Fortitude doubles as the name of a small frozen community whose governor, Hildur Odegard (Sofie Grabol), has big plans for a Glacier Hotel Project that she envisions as a tourist magnet and safe haven from the area’s at times lethal wildlife. The designs are in place, but Hildur needs official approval from an Arctic Research Centre headed by Professor Charlie Stoddart (Christopher Eccleston). A possibly stunning archaeological discovery puts him of a mind to block the project before Stoddardt is found very badly mutilated and presumably dead.

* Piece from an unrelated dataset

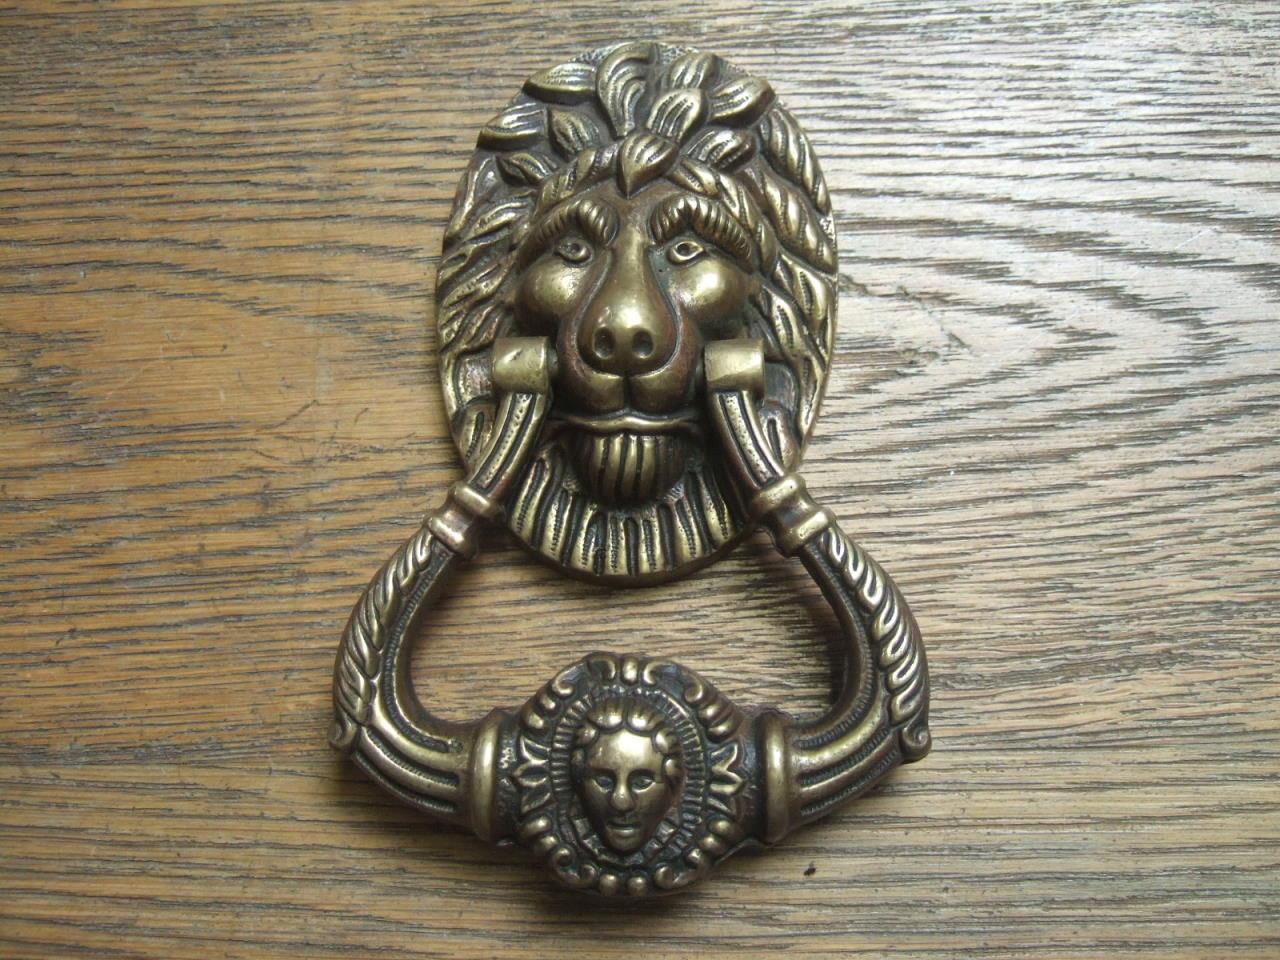 D234 lions head door knocker antique door knockers - Antique brass lion head door knocker ...

Heading the investigation is town sheriff Dan Anderssen (Richard Dormer), a very taciturn man with bottled up emotions and thin, guttural smiles. Near the close of Thursday’s second hour, he receives unwanted help from detective chief inspector Eugene Morton (Stanley Tucci), a London-based former FBI agent who flies in to take charge.

Tucci plays this role in very low-key fashion -- to the point where perhaps his pulse should be taken. But as Fortitude unfolds he begins to register more vividly as a firm, dry-humored gumshoe who knows what he wants and how to get it.

Suspects and red herrings pile up in these first five hours, with just about everyone except Morton a possible murderer or accomplice. There’s also a guilt-ridden, cancer-inflicted nature photographer named Henry Tyson (the always good Michael Gambon), who takes to even heavier drinking after his eyewitness participation in a chilling opening scene involving a bear and its very unlucky human prey. Fortitude then jumps ahead three months.

The series strongly suggest some sort of immortality in play. Does anyone ever really die in Fortitude? There’s also the specter of a possibly surviving wooly mammoth from some 32,000 years ago. A badly bloodied shirt also comes into play, prompting Sheriff Anderssen to react very viscerally at the end of Hour 4.

Fortitude can be slow-going at times. And it’s still an open question whether its central murder mystery can sustain a number of false leads and other mis-directions for a full 12 hours. But the resplendent panoramic visuals are a show in themselves. So the bigger your HD screen the better, with Fortitude’s overriding whodunit gradually firming its grip while those icy, snowy vistas stay strong.